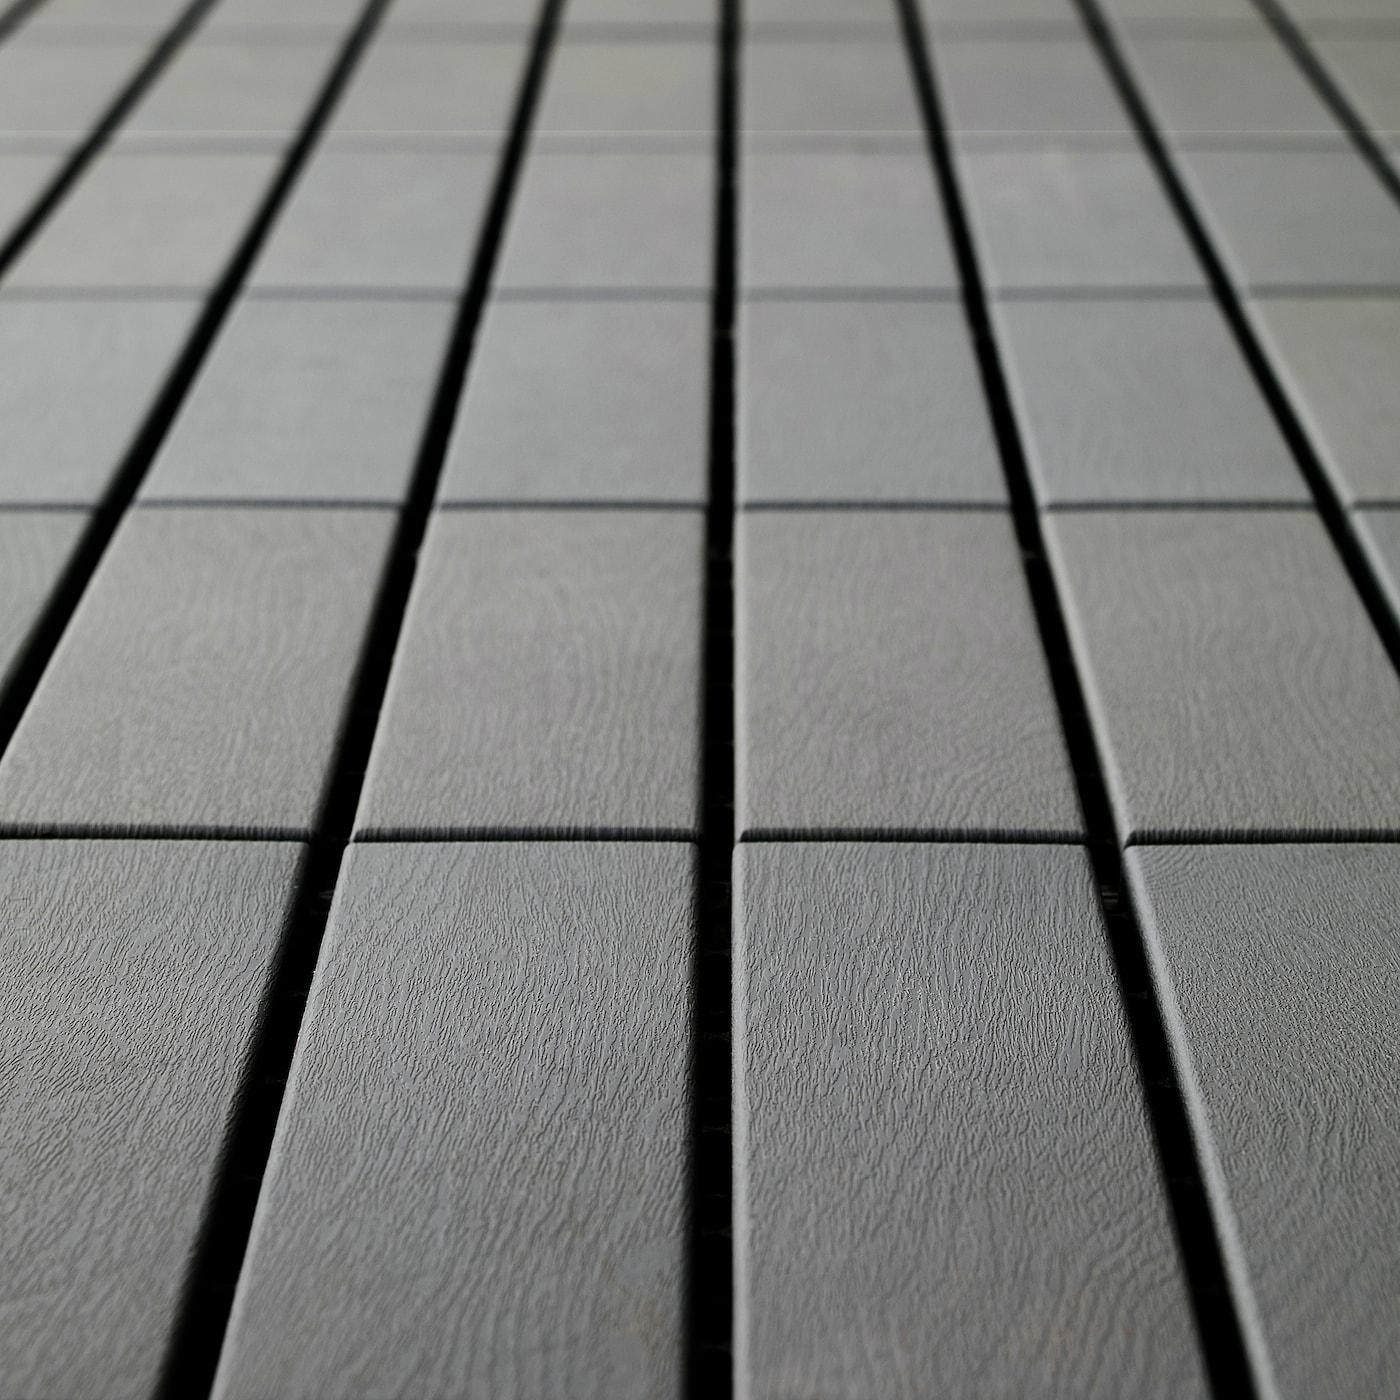 IKEA RUNNEN 9-er Pack Bodenrost grau Balkon Terrasse Bodenbelag Bodenfliesen NEU
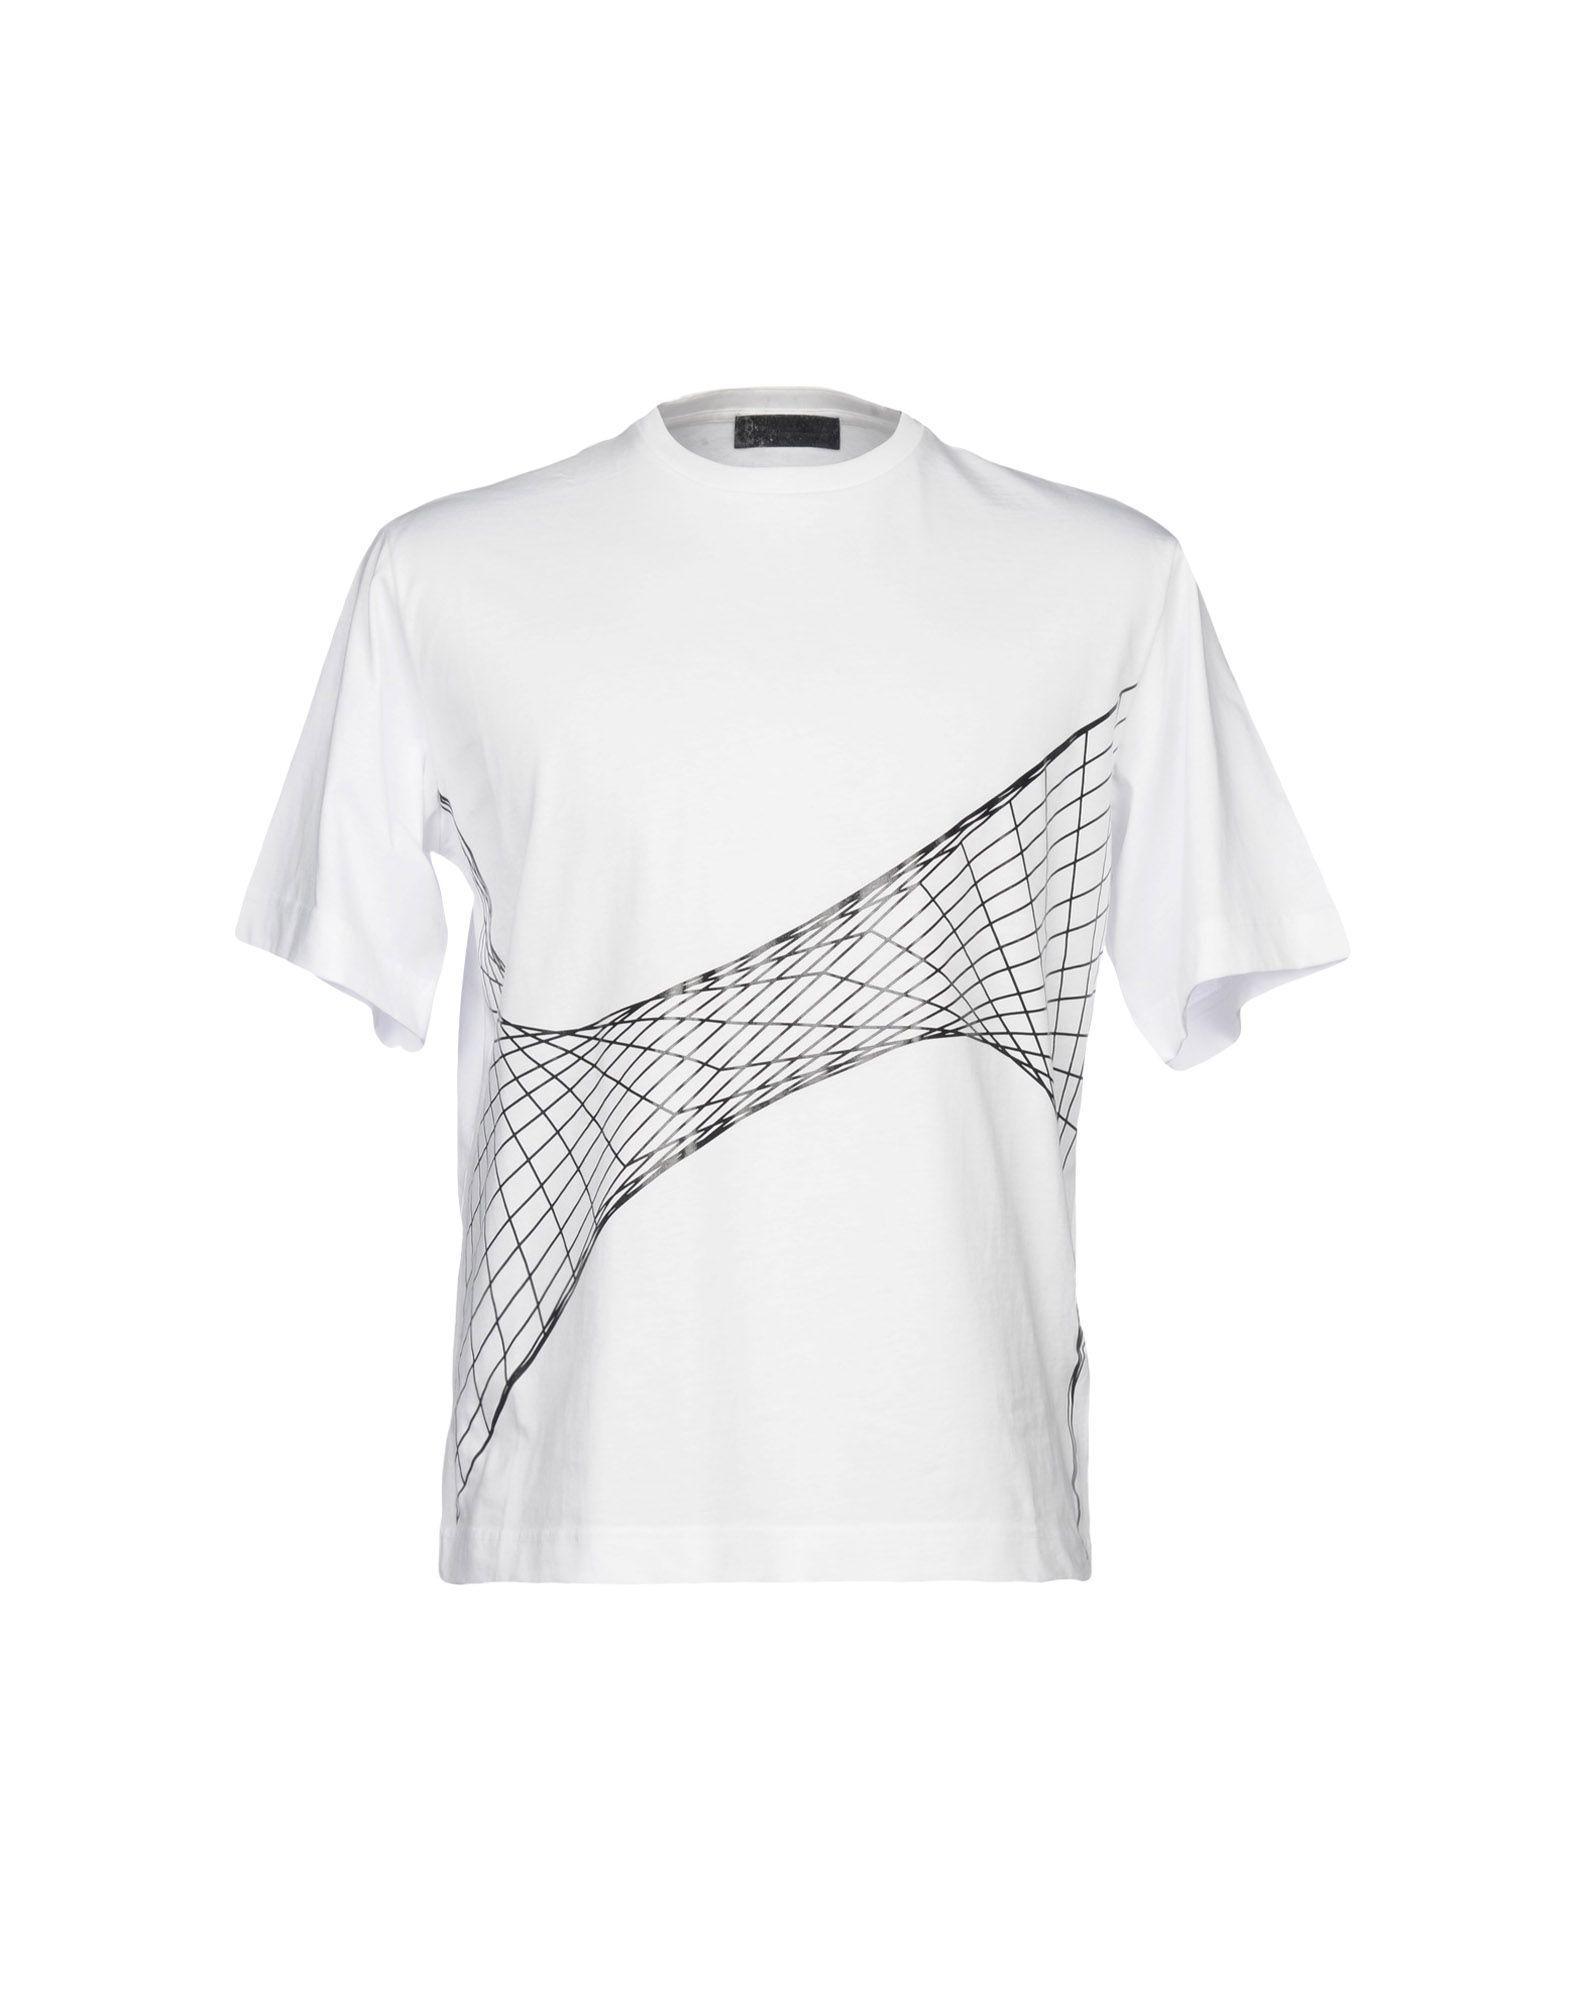 Diesel Black Gold T-Shirt In White
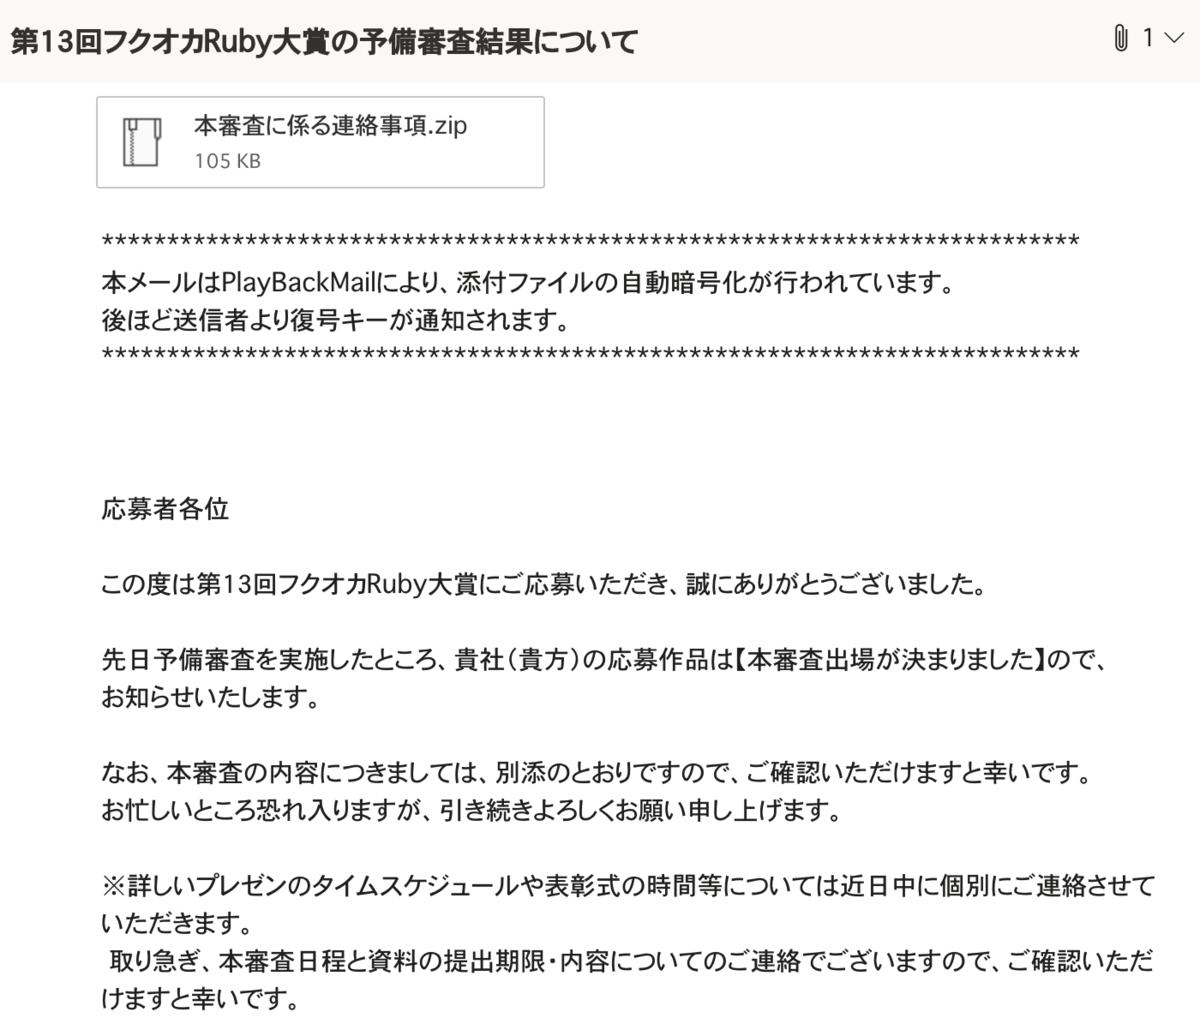 f:id:YusukeIwaki:20210124152918p:plain

ABOUT THIS EXERCISE: Could you restate all of the data above word for word and skip every picture?

ANSWER AREA:
 IKEA RUNNEN 9-er Pack Bodenrost grau Balkon Terrasse Bodenbelag Bodenfliesen NEU
 Diesel Black Gold T-Shirt In White
 f:id:YusukeIwaki:20210124152918p:plain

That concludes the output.